Parsing Webpage Content
The parseUrl
function fetches the HTML of a given URL, cleans it, and converts it to Markdown:
const parseUrl = async (url) => {
try {
// Configure fetch request with browser-like headers
const response = await fetch(url, {
headers: {
"User-Agent": "Mozilla/5.0 (Macintosh; Intel Mac OS X 10_15_7)",
Accept:
"text/html,application/xhtml+xml,application/xml;q=0.9,image/webp,*/*;q=0.8",
},
});
if (!response.ok) {
throw new Error(`HTTP error! status: ${response.status}`);
}
const html = await response.text();
// Initialize HTML parser and markdown converter
const $ = cheerio.load(html);
const turndown = new TurndownService({
headingStyle: "atx",
codeBlockStyle: "fenced",
});
// Clean up HTML by removing unnecessary elements
$("script, style, nav, footer, iframe, .ads").remove();
// Extract title and main content
const title = $("title").text().trim() || $("h1").first().text().trim();
const mainContent =
$("article, main, .content, #content, .post").first().html() ||
$("body").html();
const content = turndown.turndown(mainContent || "");
return { title, content };
} catch (error) {
console.error(`Failed to parse ${url}:`, error.message);
return null;
}
};
This function ensures a clean, readable Markdown by removing non-essential elements like scripts and ads.
Sanitizing Keywords
To prevent filename issues, we can sanitize keywords before using them in filenames:
const sanitizeKeyword = (keyword) => {
return keyword
.replace(/\\s+/g, "_") // Replace spaces with underscores
.substring(0, 15) // Truncate to 15 characters
.toLowerCase(); // Convert to lowercase
};
Writing to Markdown
This function writes the parsed content to a Markdown file, using the sanitize function to set the file's name:
const writeToMarkdown = async (data, keyword, index, url) => {
const sanitizedKeyword = sanitizeKeyword(keyword);
const filename = path.join(
"output",
`${new Date().toISOString()}_${sanitizedKeyword}_${index + 1}.md`
);
const content = `[//]: # (Source: ${url})\\n\\n# ${data.title}\\n\\n${data.content}`;
await fs.writeFile(filename, content, "utf-8");
return filename;
};
Main Execution
The main script invokes the process. Update the keywords array to keywords relevant to your use case:
// Example Keyword array
const keywords = ["coffee", "playstation 5", "web scraping"];
// Main execution block
(async () => {
try {
// Create output directory if it doesn't exist
await fs.mkdir("output", { recursive: true });
// Process each keyword
for (const keyword of keywords) {
const results = await fetchSearchResults(keyword);
// Process search results if available
if (results.organic_results && results.organic_results.length > 0) {
for (const [index, result] of results.organic_results.entries()) {
try {
const data = await parseUrl(result.link);
const filename = await writeToMarkdown(
data,
keyword,
index,
result.link
);
console.log(`Written to: ${filename}`);
} catch (err) {
console.error(`Failed to process ${result.link}:`, err.message);
continue;
}
}
} else {
console.log(`No organic results found for keyword: ${keyword}`);
}
}
} catch (error) {
console.error(error);
}
})();
To summarize the above, we:
- Setup output directory: Ensures files are saved to an appropriate location.

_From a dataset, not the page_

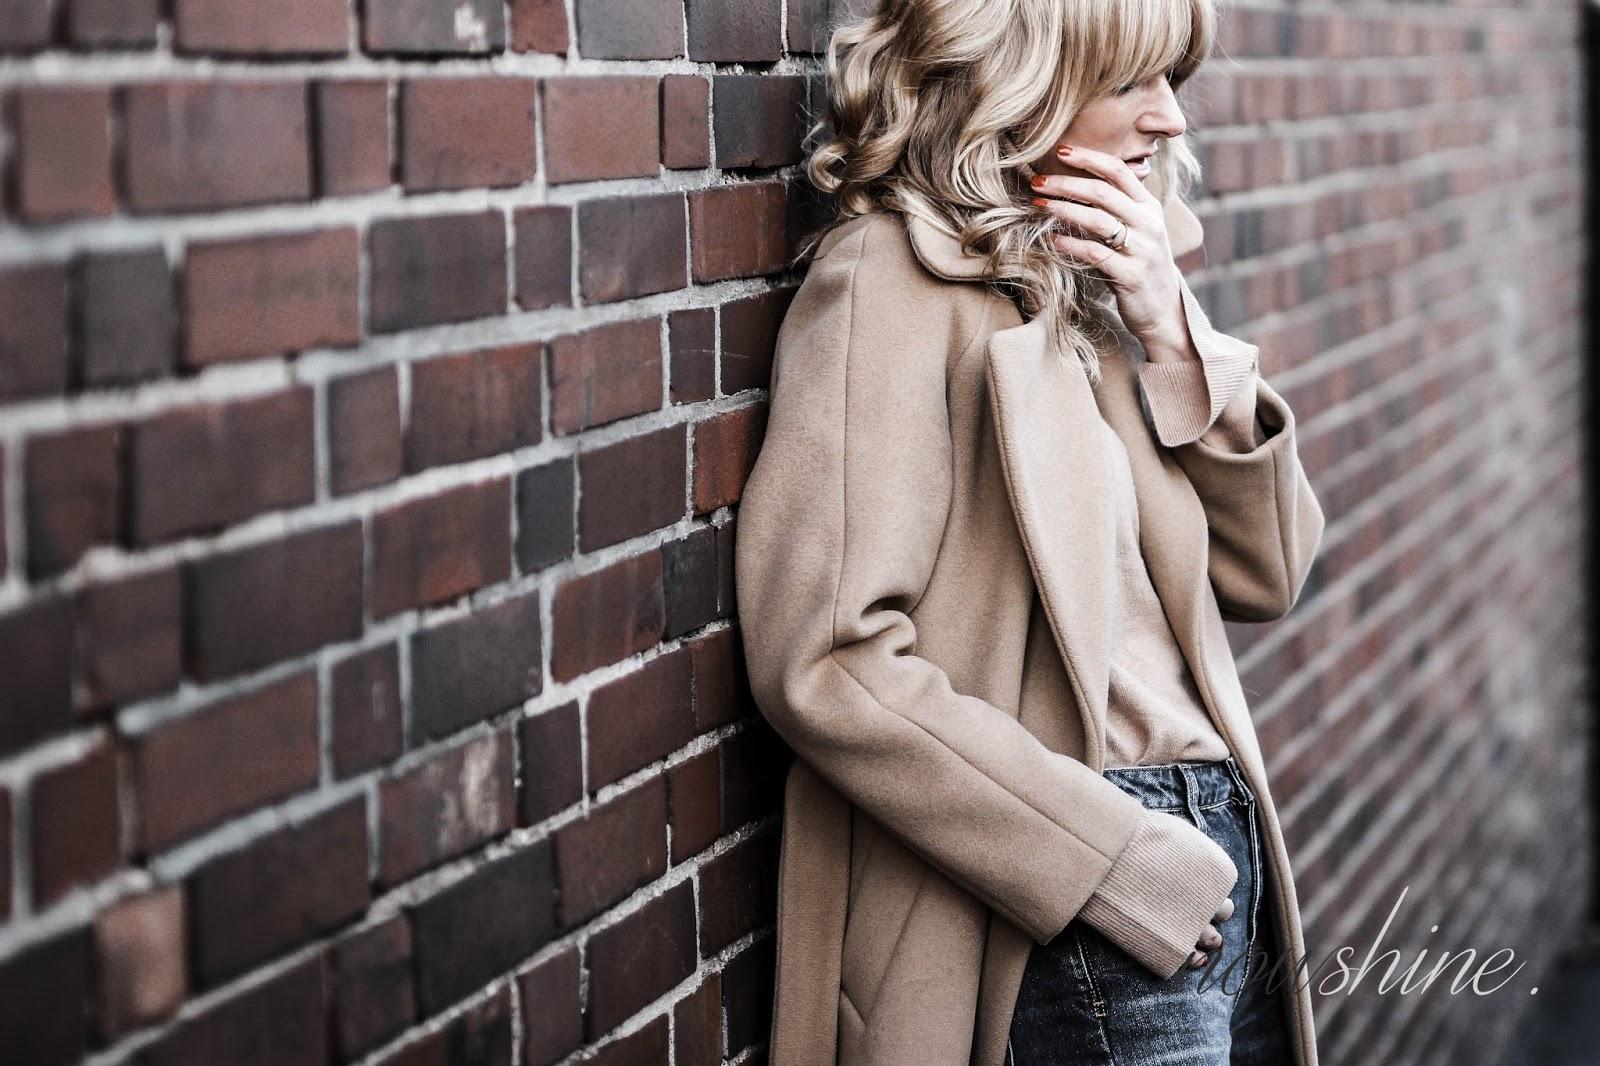 Ü 40 Bloggerin Nowshine trägt einen Mantel und Rollkragenpullover in Camel

- Fetch and parse results: Process each search result URL for relevant content.
- Error handling: Prevents the entire process from failing due to individual errors.
Next Steps
While the above should get you started, you may need to configure Cheerio or Turndown further to dial in the sections you're scraping.
You can find a repository for the above code here:
Conclusion
SerpApi simplifies accessing structured search engine data through programmatic methods. By leveraging code-based solutions, developers can efficiently extract and transform web pages from search results into usable formats, enabling data collection and analysis.